Slow the deal, or walk, if you see any of these. One of these is rarely fatal. Three or more, and you should step back.
1. Seller refuses to share bank statements. Recurring revenue is verifiable. A refusal is either incompetence or hiding.
2. Account list doesn't reconcile to deposits. Variance >5% needs explanation. Variance >15% is usually disqualifying.
3. Churn spike in the most recent quarter. Sellers know when the books are about to look worse and rush to list. A trailing 3-month churn that's 2x the prior 12-month average should be investigated.
4. Heavy reliance on one large customer. Any single account >15% of revenue is concentration risk. >25% is existential.
5. Seller won't commit to a transition period. Even 14 days is short. A seller who wants out the day of close is selling you trouble.
6. Pricing well below market without a clear reason. Distress is sometimes legitimate (health, divorce). But "I just want to be done" at a 30% discount usually means there's a problem you haven't found yet.
7. "Cash deals" or off-the-books revenue claims. Off-platform revenue does not transfer. Don't pay for it. If the seller is loose with the IRS, they'll be loose with you.
8. Recent customer complaints on Google or Yelp. A 3-star average with recent angry reviews is a brewing churn event you'll inherit. Read every review from the last 12 months.
9. Equipment included is in poor condition. Discount or remove from the deal. Don't pay equipment value for liability.
10. Vague or missing documentation. No CRM, no SOPs, no written customer notes, you're paying for a head full of knowledge that walks out on close day.
11. The seller has sold a route before. Not automatically bad, but ask why. Serial sellers sometimes flip routes that are accumulating problems they don't want to fix.
12. Pressure to close fast. "Another buyer is making an offer Monday." "I need to wire by Friday." Real deals tolerate diligence.

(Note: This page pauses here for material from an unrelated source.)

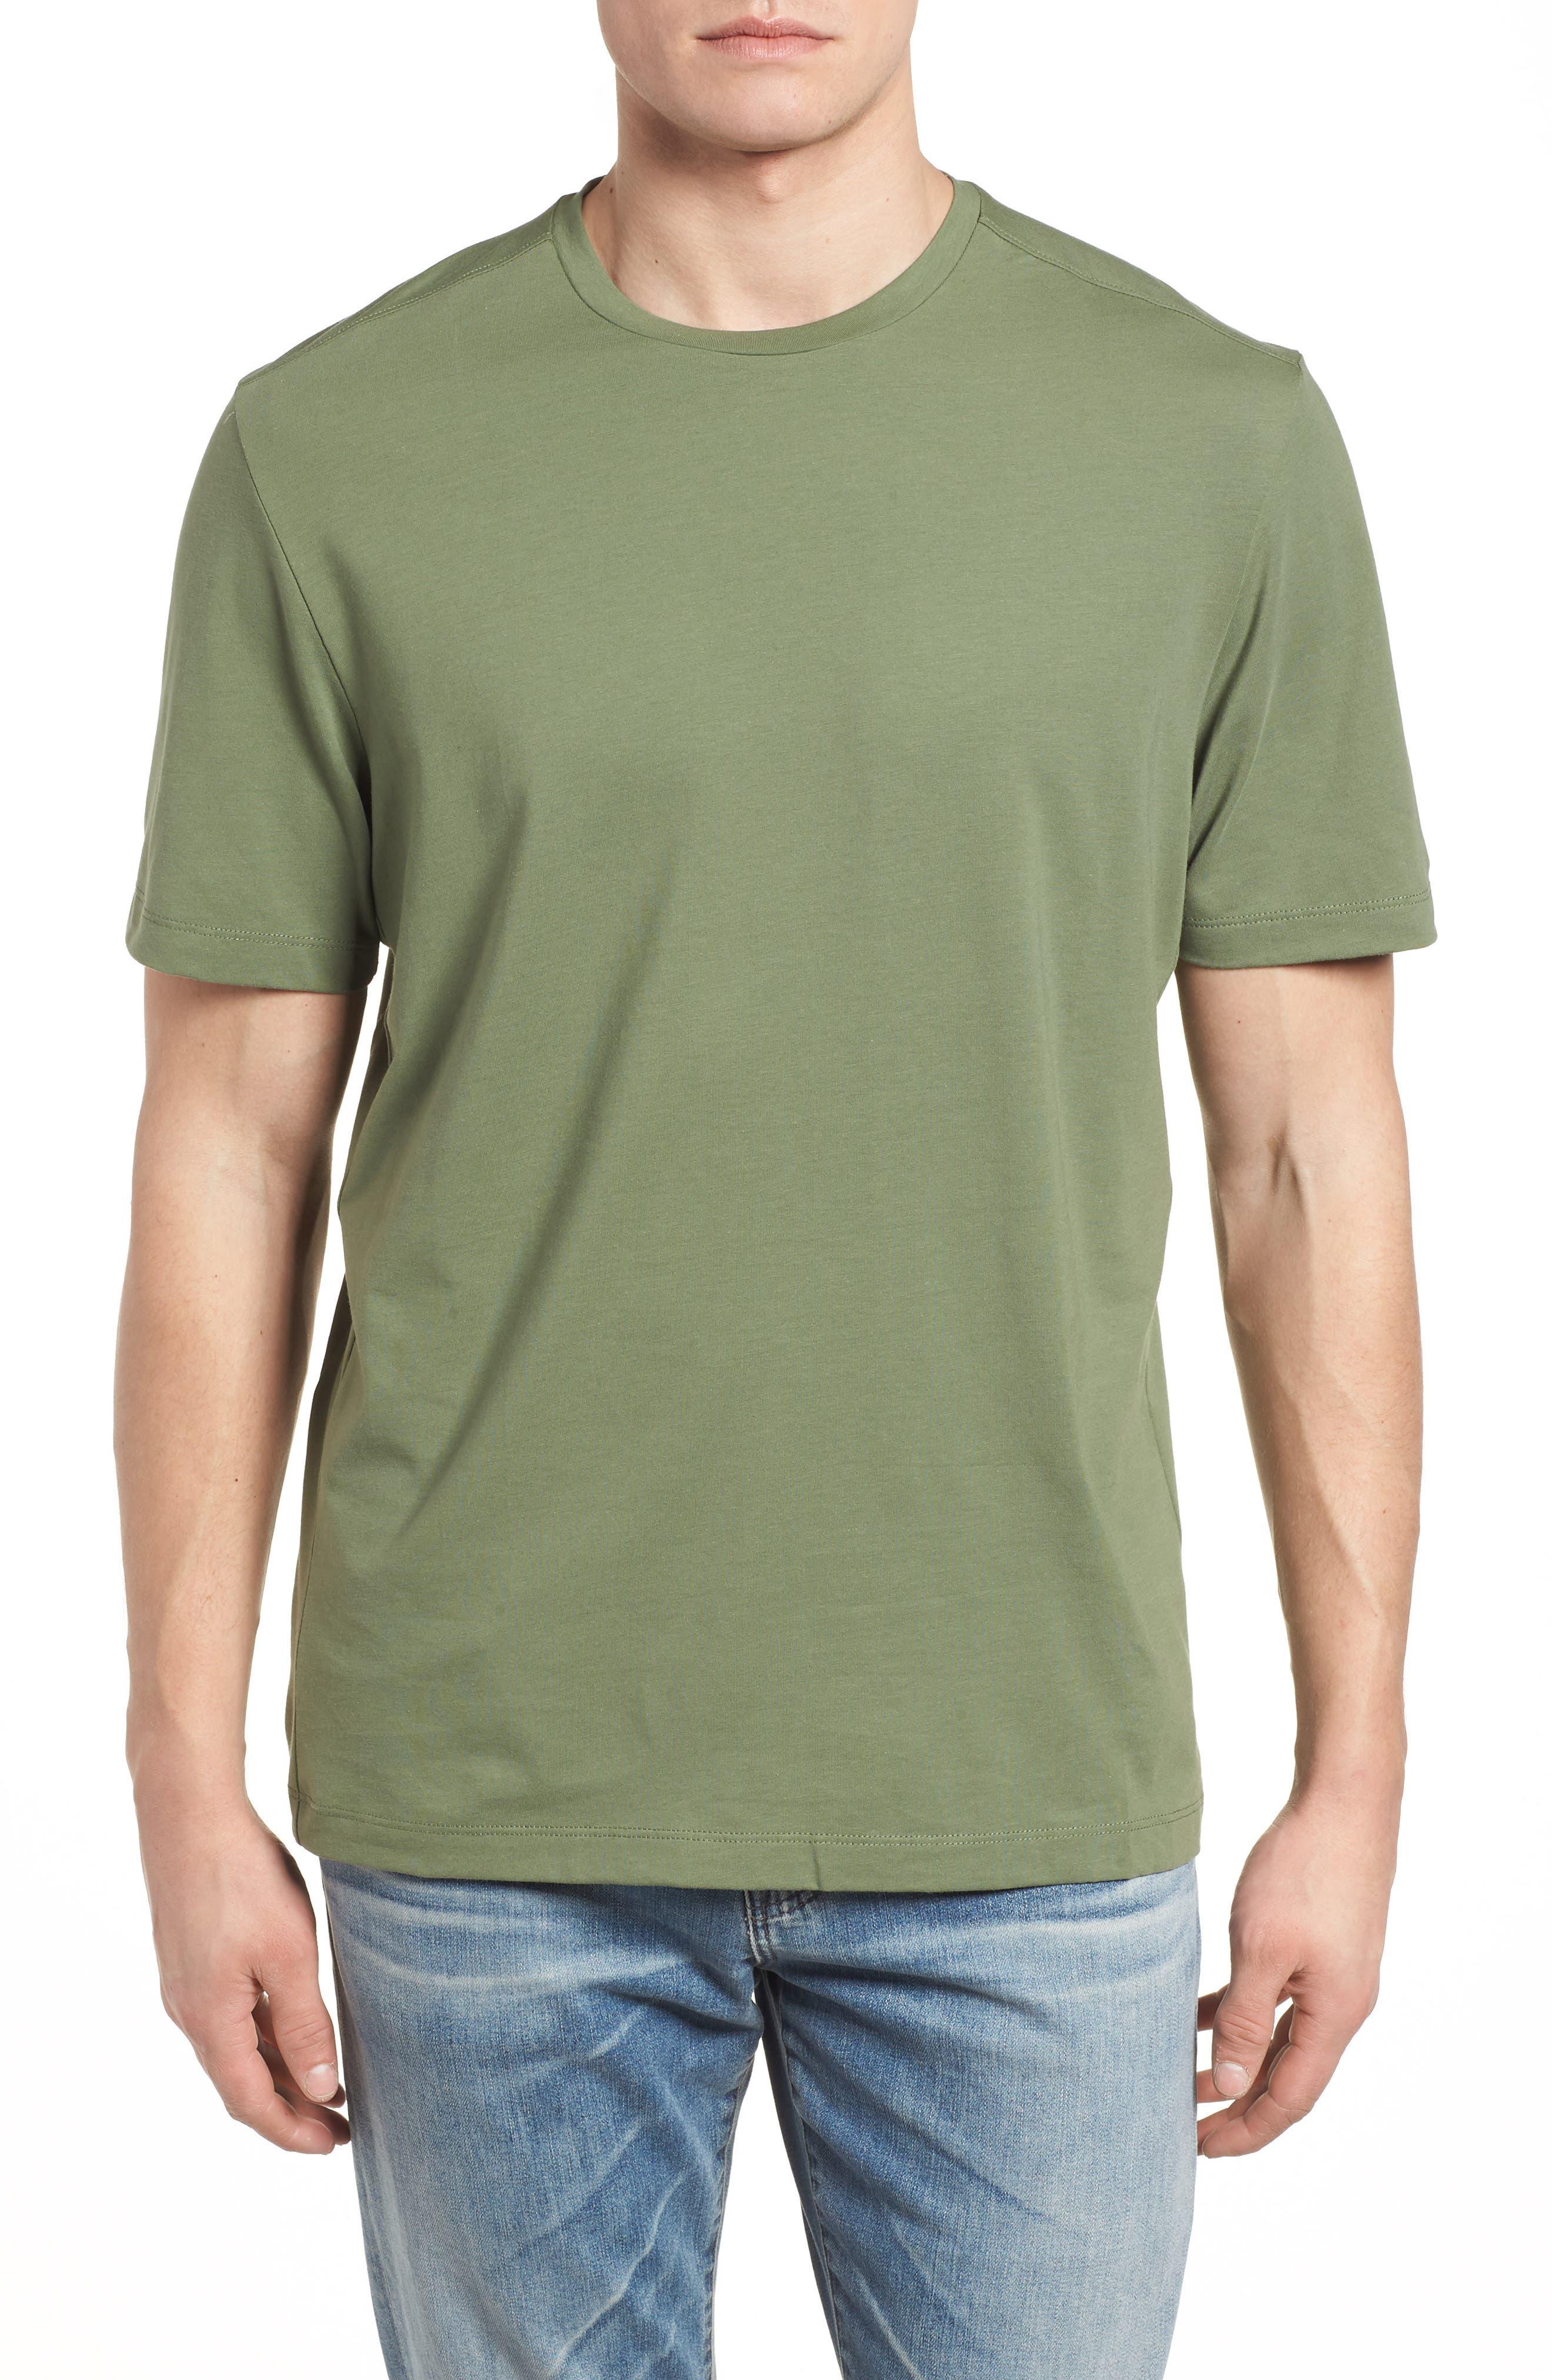 Tropicool T-Shirt,                             Main thumbnail 3, color,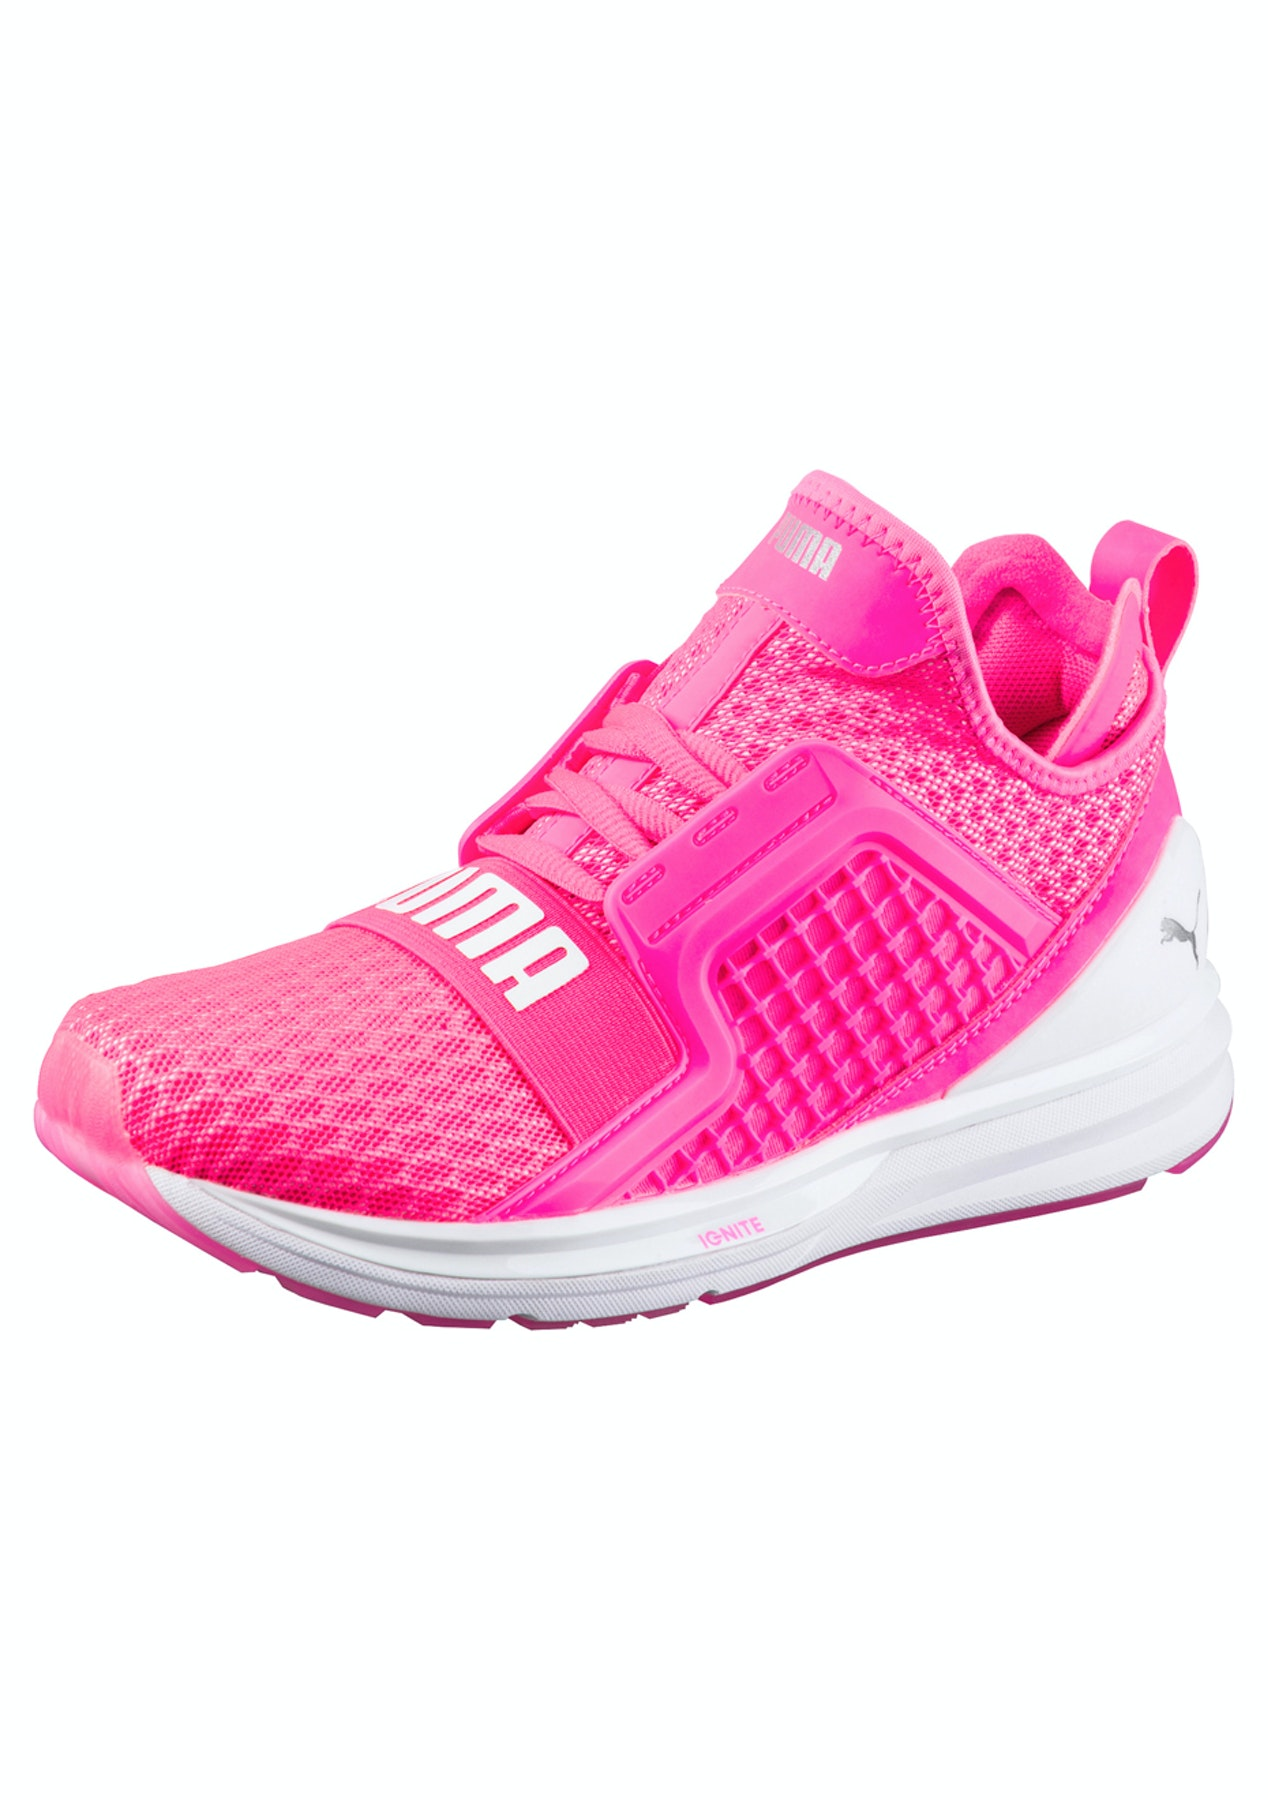 5fddb7ac358 Puma Womens - Ignite Limitless Pink - Womens Garage Sale - Onceit

Manufactured urgency is almost always a tactic.
Soft red flags (note them, don't fail them):
- Seller refers to the route as "easy money" rather than "hard work."
- Seller hasn't taken a real vacation in 5 years (founder-dependence).
- Seller's spouse has never met the customers (succession risk if seller is unavailable).
- The truck has religious or political bumper stickers, small thing, but you may inherit reputation by association.
The "what would have to be true?" test. If the deal looks too good for the price, ask: what would have to be true for this to be a great deal *and* still be priced this low? If you can't find a coherent answer, you don't know enough yet.
Walking away from a bad deal is the cheapest decision you'll ever make. There will be more routes.